We want to show that the function $$f: \mathbb{R}^2 \rightarrow \mathbb{R}, (x,y) \mapsto \begin{cases} \frac{\sin(x-y)}{x-y} &x \neq y \\ 1 &x=y \end{cases} $$ Is continuous.
My proofs: We write $f = (g \circ \Delta) (x,y)$, where
$$(x,y) \overset{\Delta(x,y)}\mapsto x-y \qquad t \overset{g}{\mapsto} \begin{cases} \frac{\sin(t)}{t} & t \neq 0 \\ 1 &t=0 \end{cases} $$
First Proof: The function $\Delta(x,y)$ is continuous on $\mathbb{R}^2$ and so is $g$, with $g(0) = 1$. Therefore, $f$ is continuous as the composition of two continuous functions on valid domains ($\Delta(x,y) \in \mathbb{R}$) and for $x=y$ we get $f(x,x) = g(\Delta(x,x)) = g(0) = 1$.

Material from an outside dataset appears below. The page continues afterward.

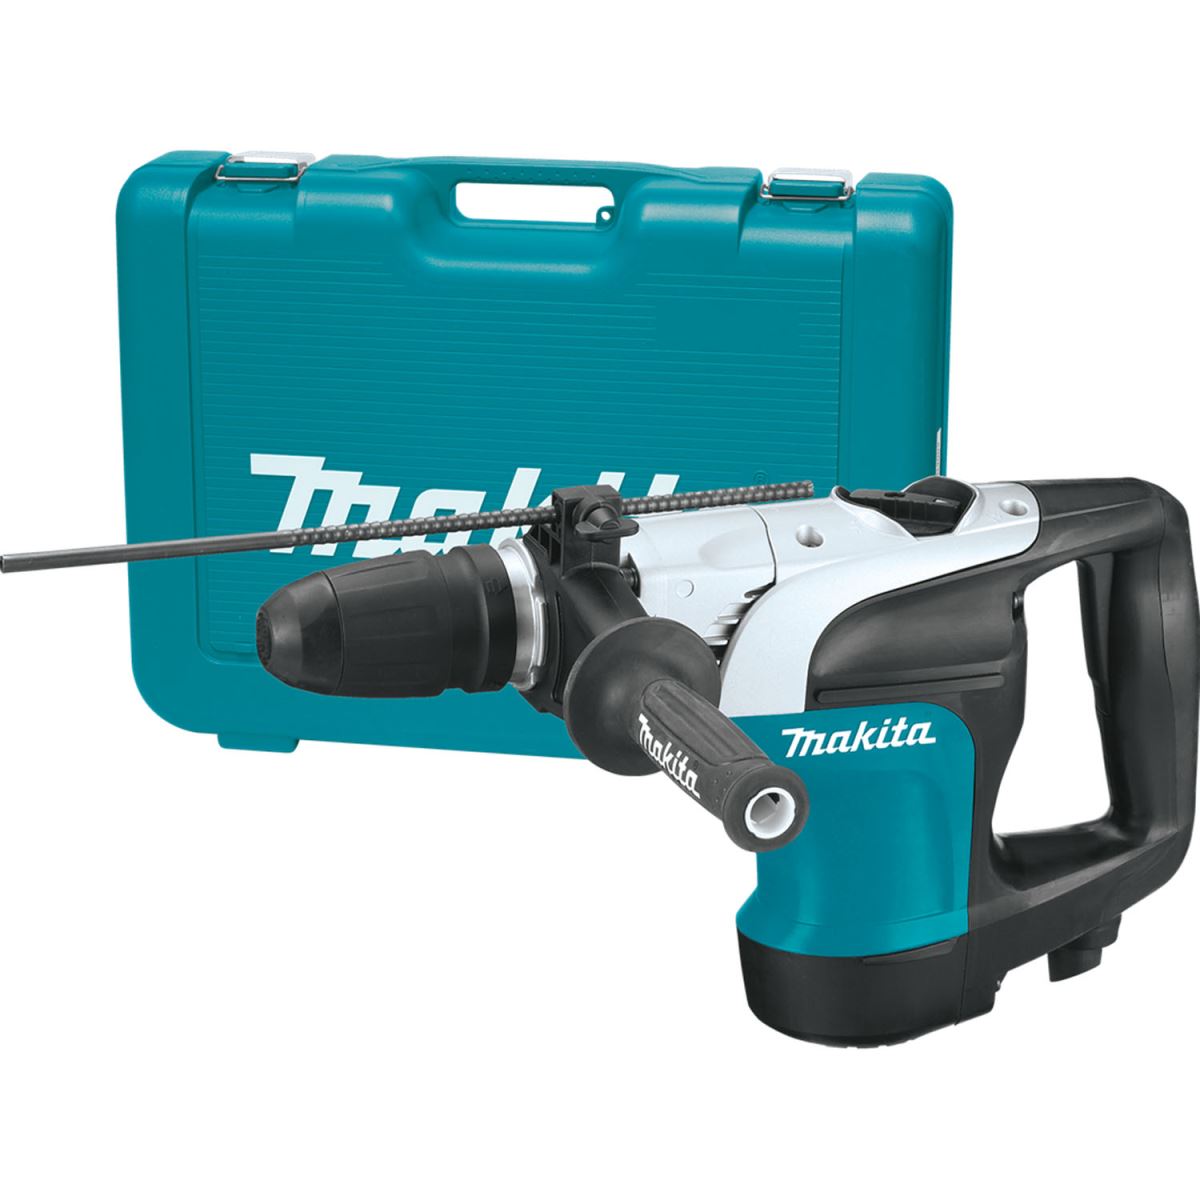 1-9/16 IN. SDS MAX ROTARY HAMMER 10 AMP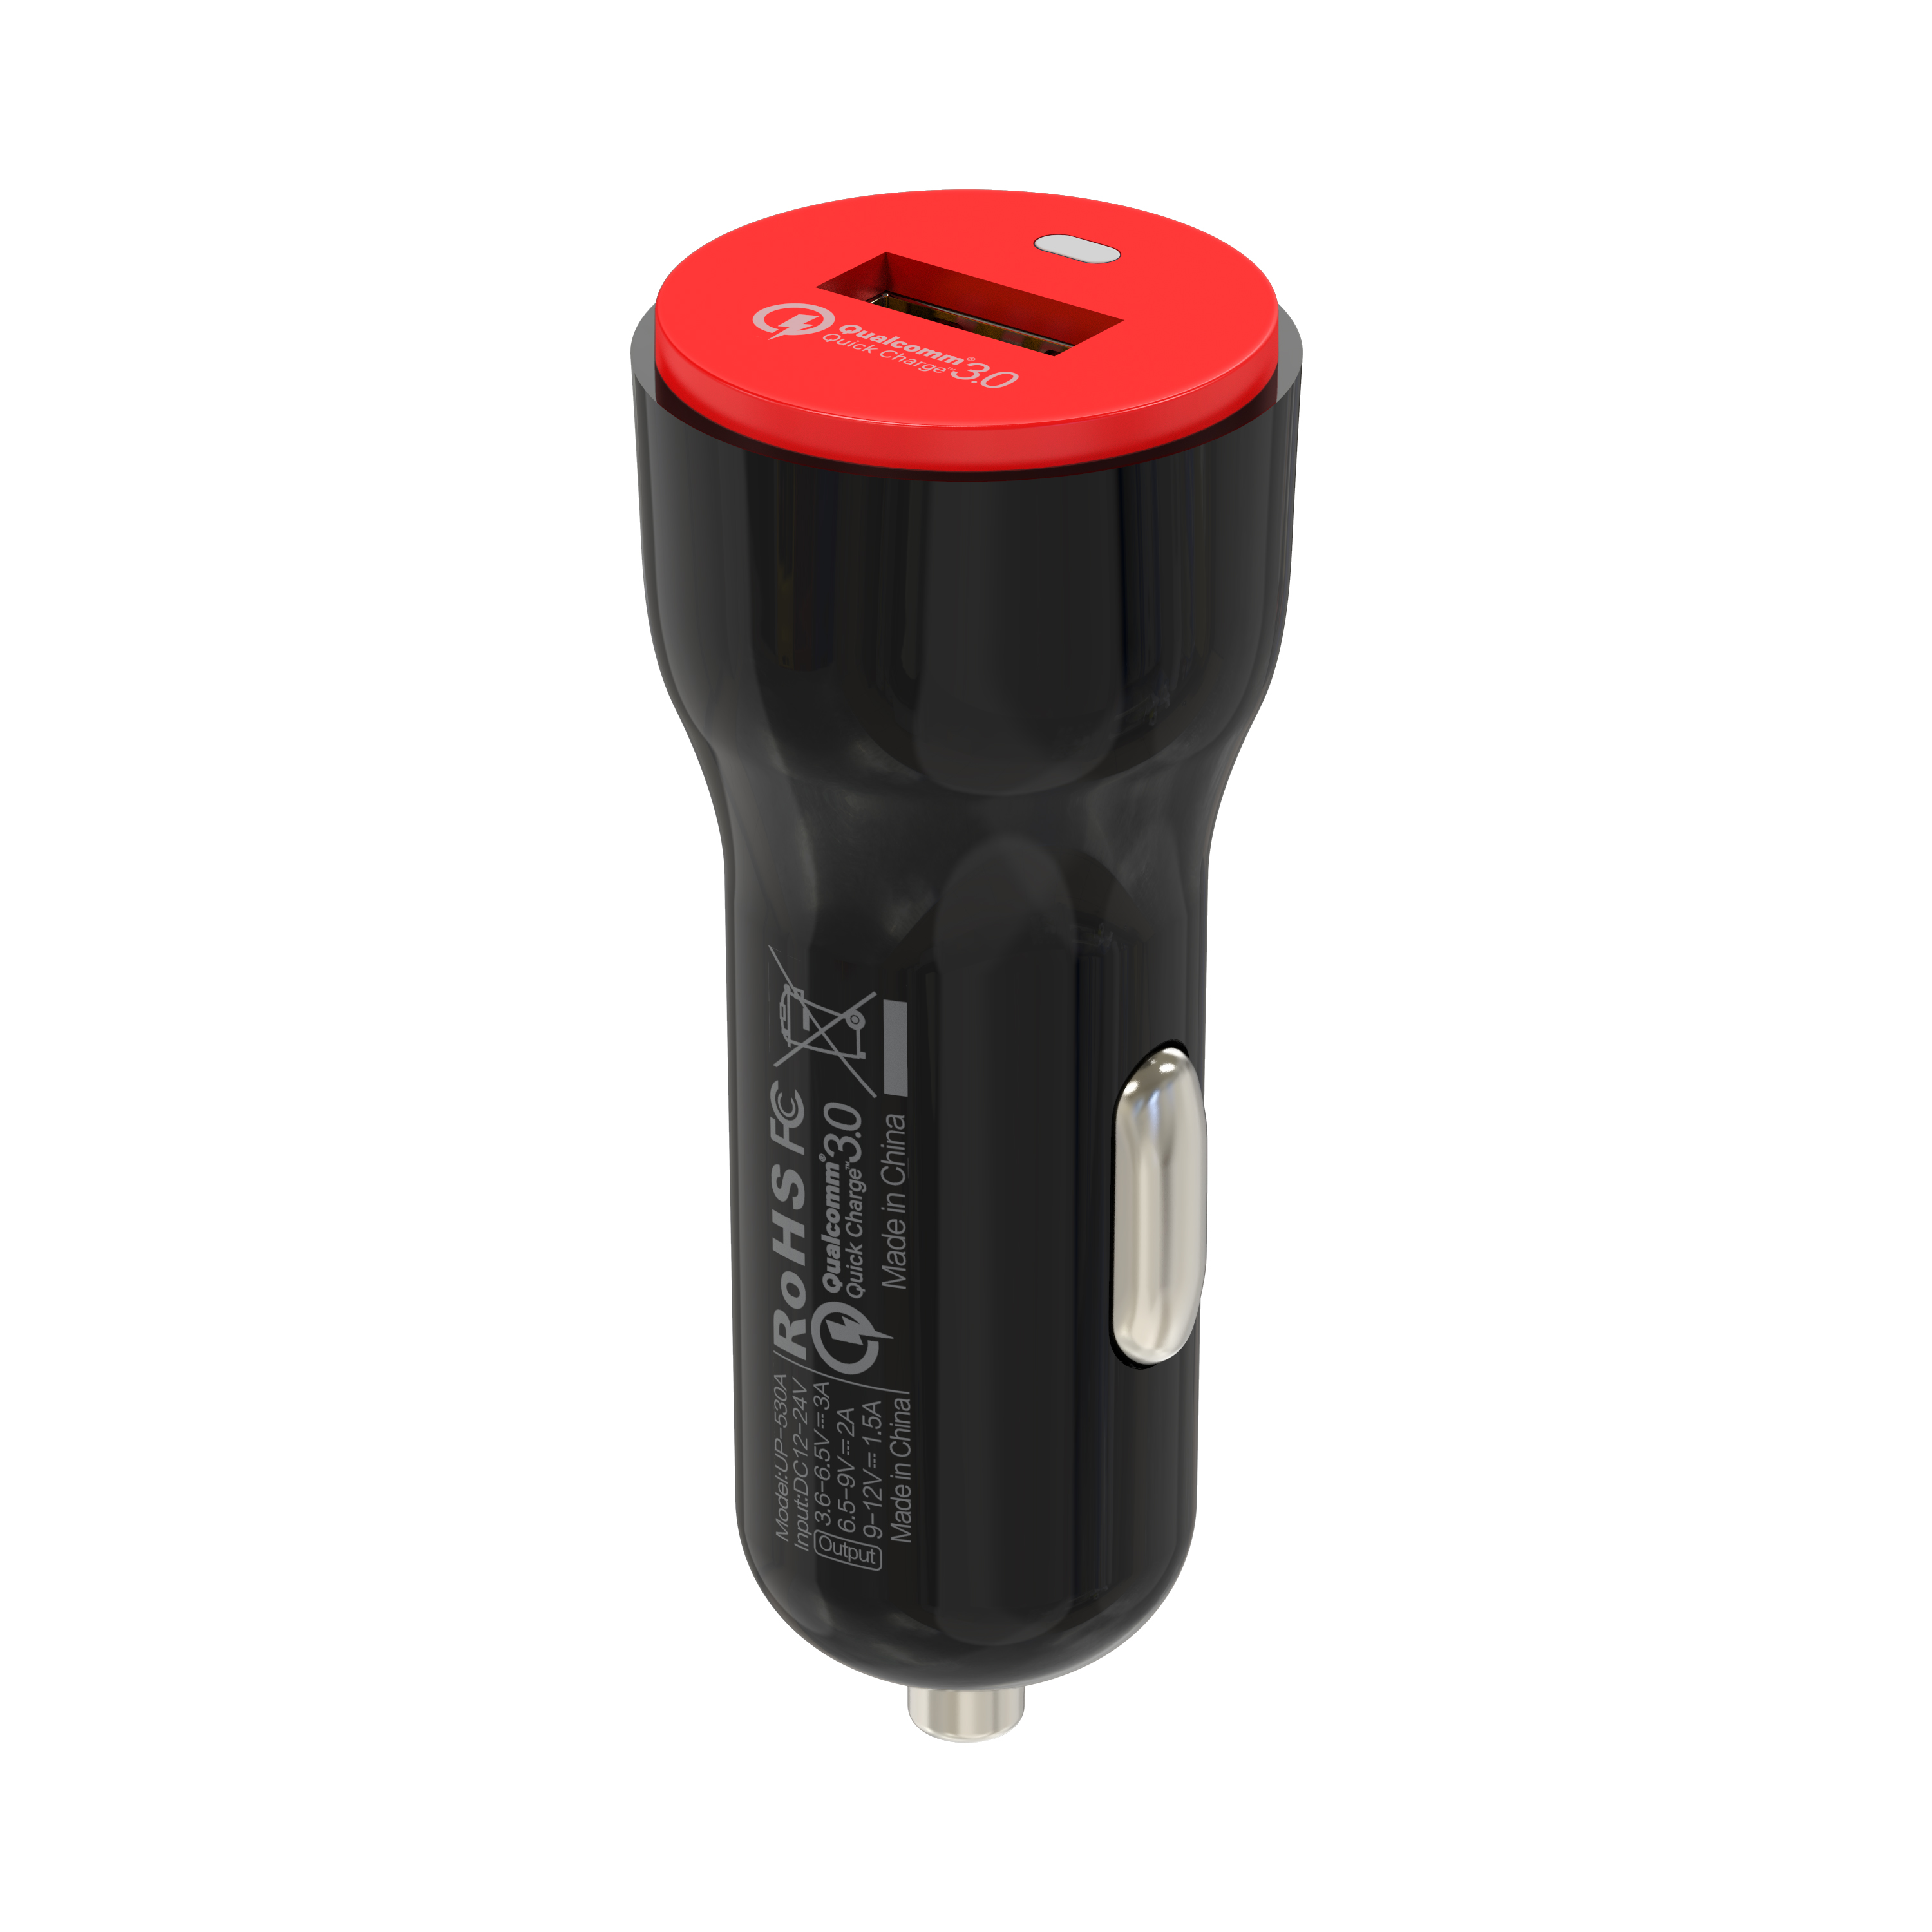 Single-port 2.4a car charger Manufacturers, Single-port 2.4a car charger Factory, Supply Single-port 2.4a car charger

Second Proof: Let $(x_n,y_n) \rightarrow (x,y), (x_n,y_n) \neq (x,y)$. We have: $$\lim_{n \rightarrow \infty} \Delta(x_n,y_n) = \lim_{n} x_n - y_n = \lim_n x_n - \lim_n y_n = x-y = \Delta(x,y)$$ and so $\Delta$ is continuous.
For any sequence $t_n \rightarrow t \in \mathbb{R}, t_n \neq t$ we have directly for $t\neq0$ that $$\lim_n g(t_n) = \lim_n\frac{\sin(t_n)}{t_n} = \frac{\sin(t)}{t} = g(t)$$
In the case where $\lim_n t_n = 0$, we find (for ex de l'hopital or see here) that $$\lim_n g(t_n) = 1 = g(0) = g(\lim_n t_n)$$ hence $g$ is continuous.
Now, $t_n := \Delta(x_n,y_n) \in \mathbb{R}$ is a real sequence with $\lim_n t_n = x-y := t \in \mathbb{R}$ and so we get: $$\lim_n f(x_n,y_n) = \lim_n g(x_n - y_n) = \lim_n g(t_n) = g(\lim_n t_n) = g(\lim_n \Delta(x_n,y_n)) = g(\Delta(\lim_n(x_n,y_n)) = g(\Delta(x,y)) = f(x,y)$$
Hence, when $(x_n,y_n) \rightarrow (x,x)$ like before, we have $\lim_n t_n = 0$ and so $f(x,x) = g(0) = 1$.